● Task prompt
Pictures excluded, copy all of the data below exactly.

● Given information
★ ★ ★ ★

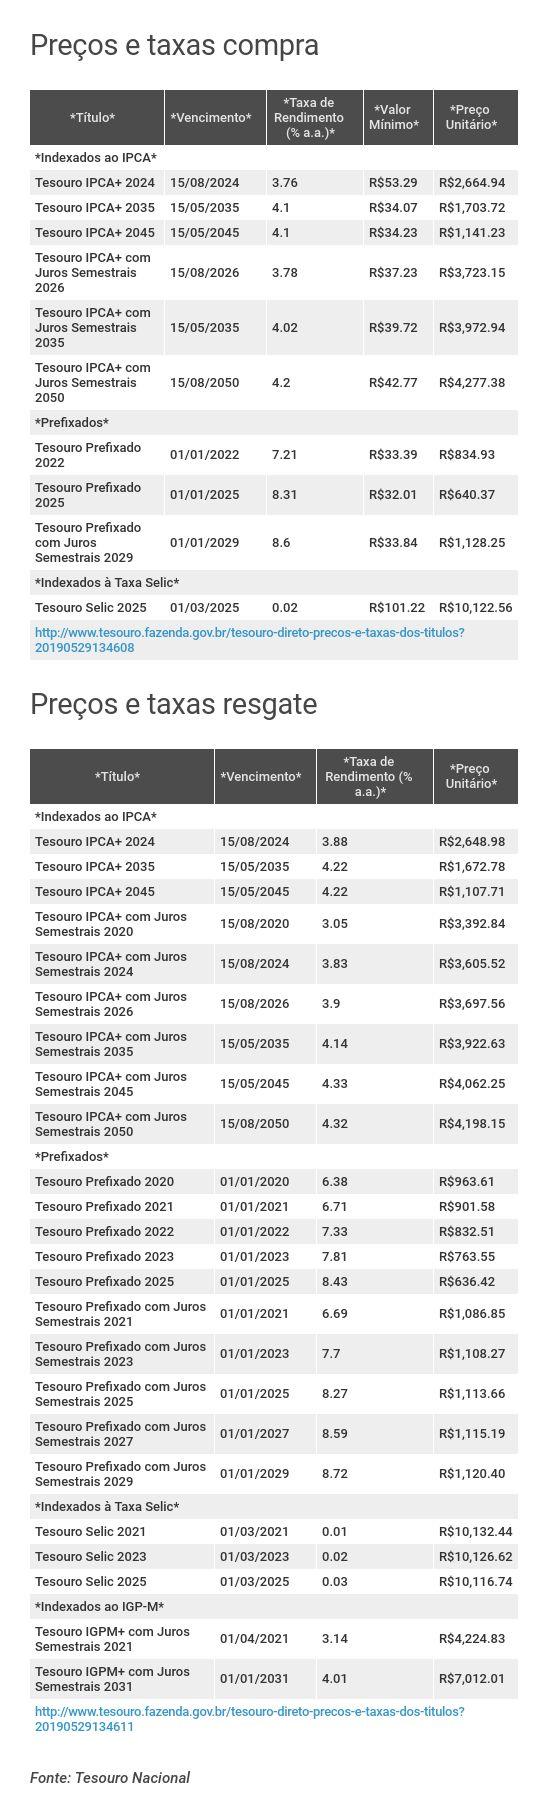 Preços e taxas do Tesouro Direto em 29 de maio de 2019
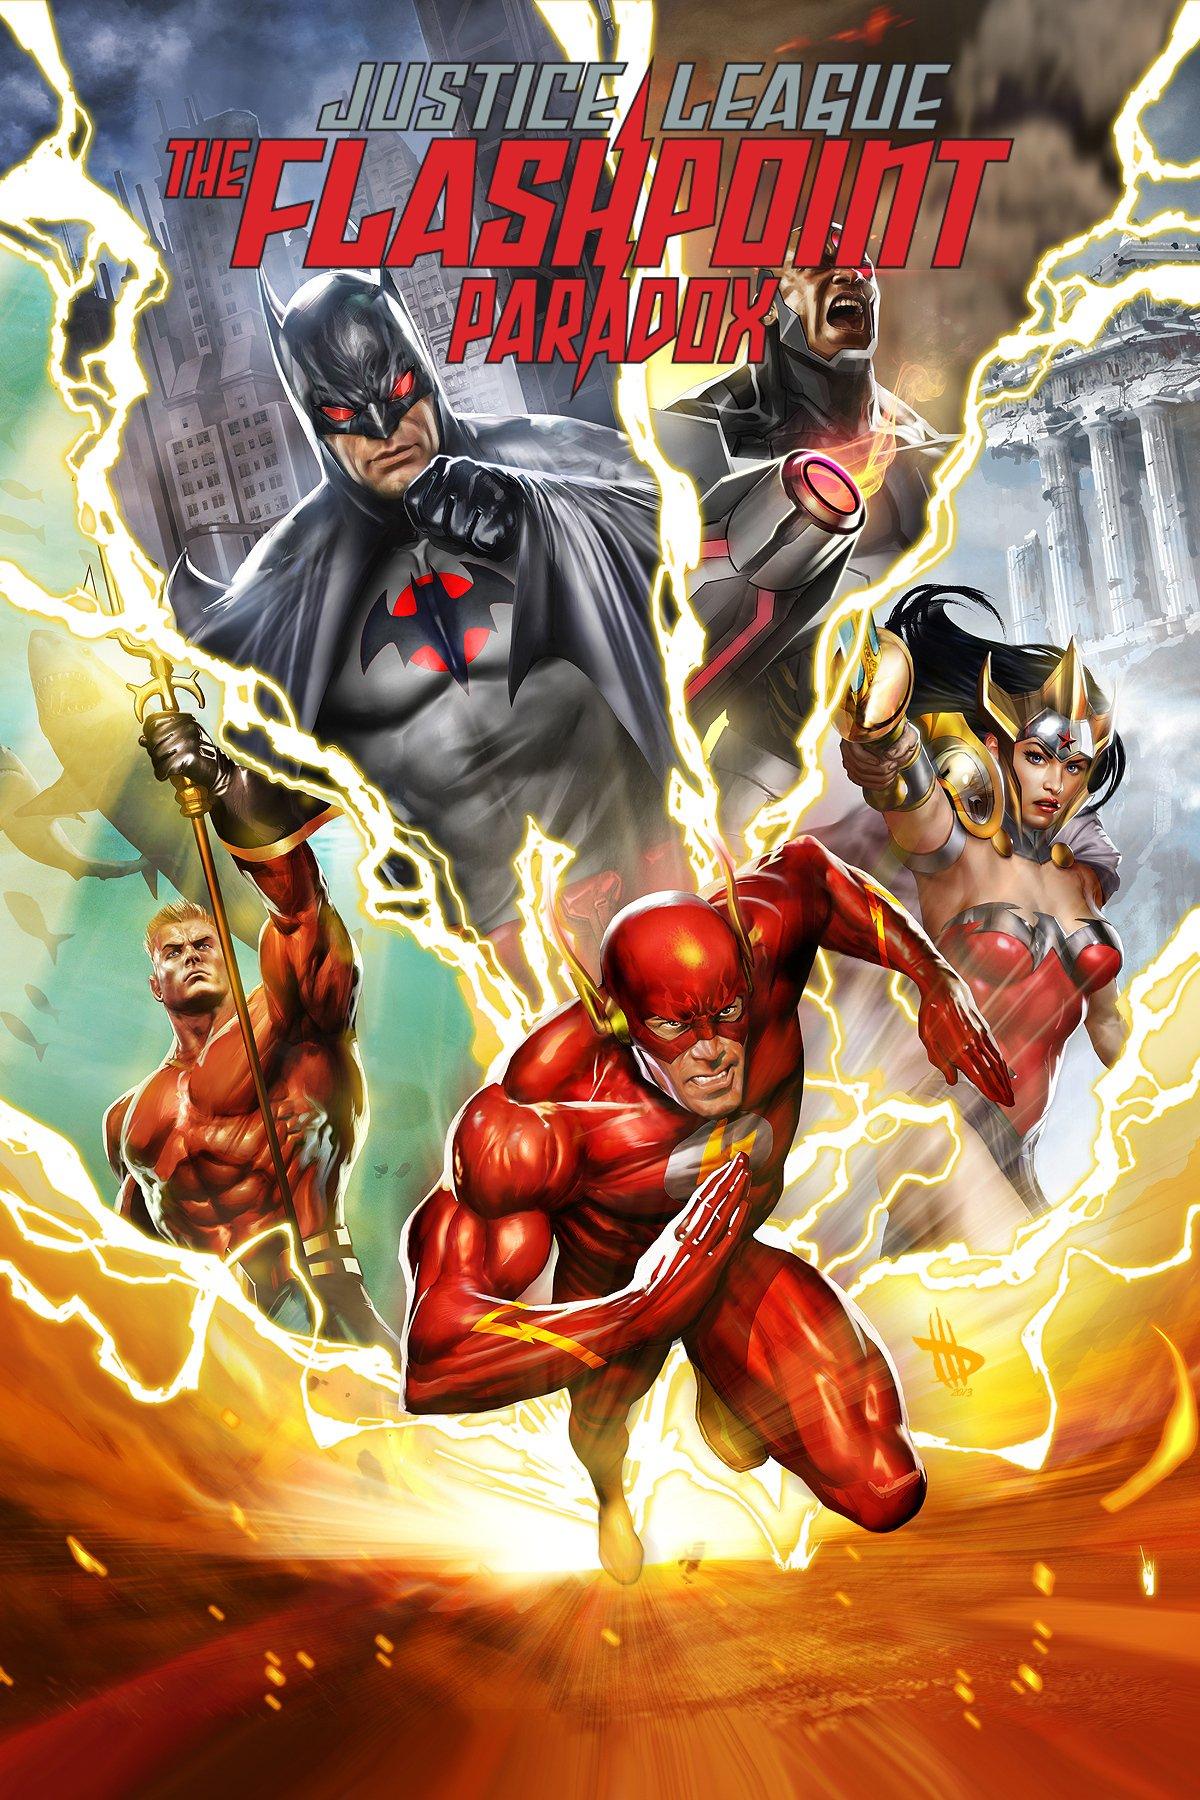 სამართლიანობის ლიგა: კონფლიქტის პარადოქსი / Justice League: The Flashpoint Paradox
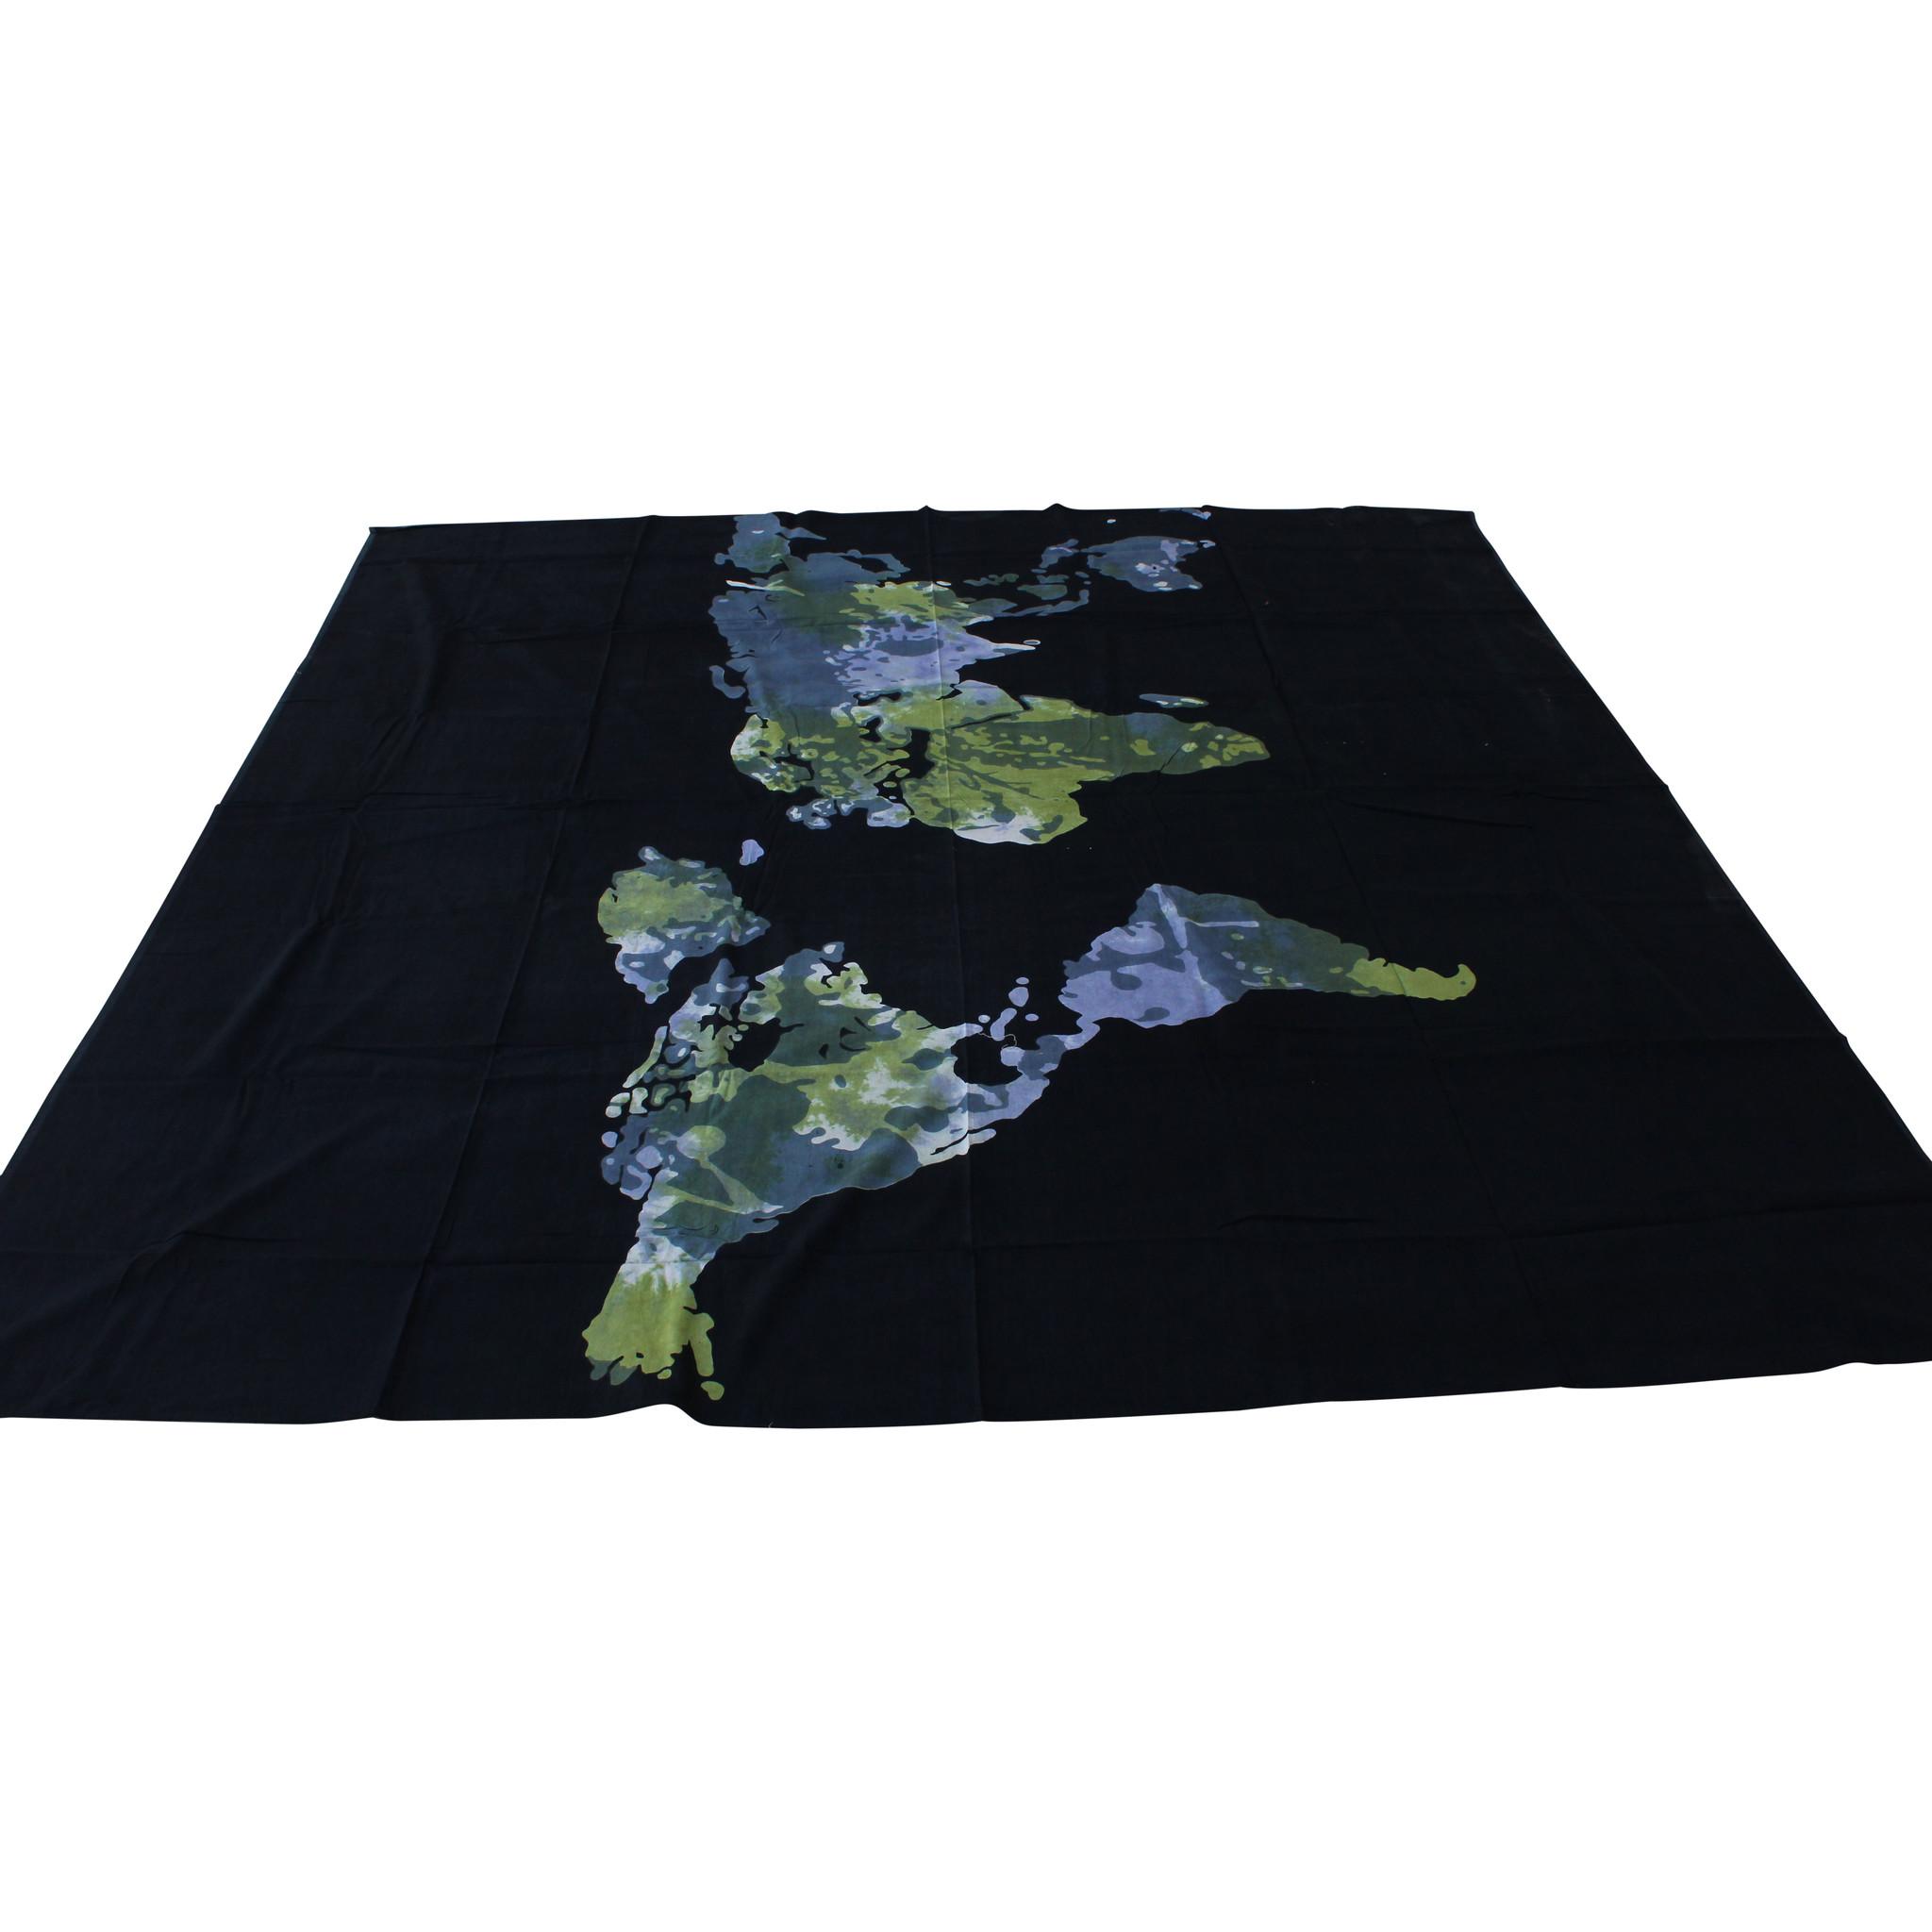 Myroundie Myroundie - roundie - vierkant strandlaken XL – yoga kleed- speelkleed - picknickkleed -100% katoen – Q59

★ ★ ★ ★

● Solution
 Preços e taxas do Tesouro Direto em 29 de maio de 2019
 სამართლიანობის ლიგა: კონფლიქტის პარადოქსი / Justice League: The Flashpoint Paradox
 Myroundie Myroundie - roundie - vierkant strandlaken XL – yoga kleed- speelkleed - picknickkleed -100% katoen – Q59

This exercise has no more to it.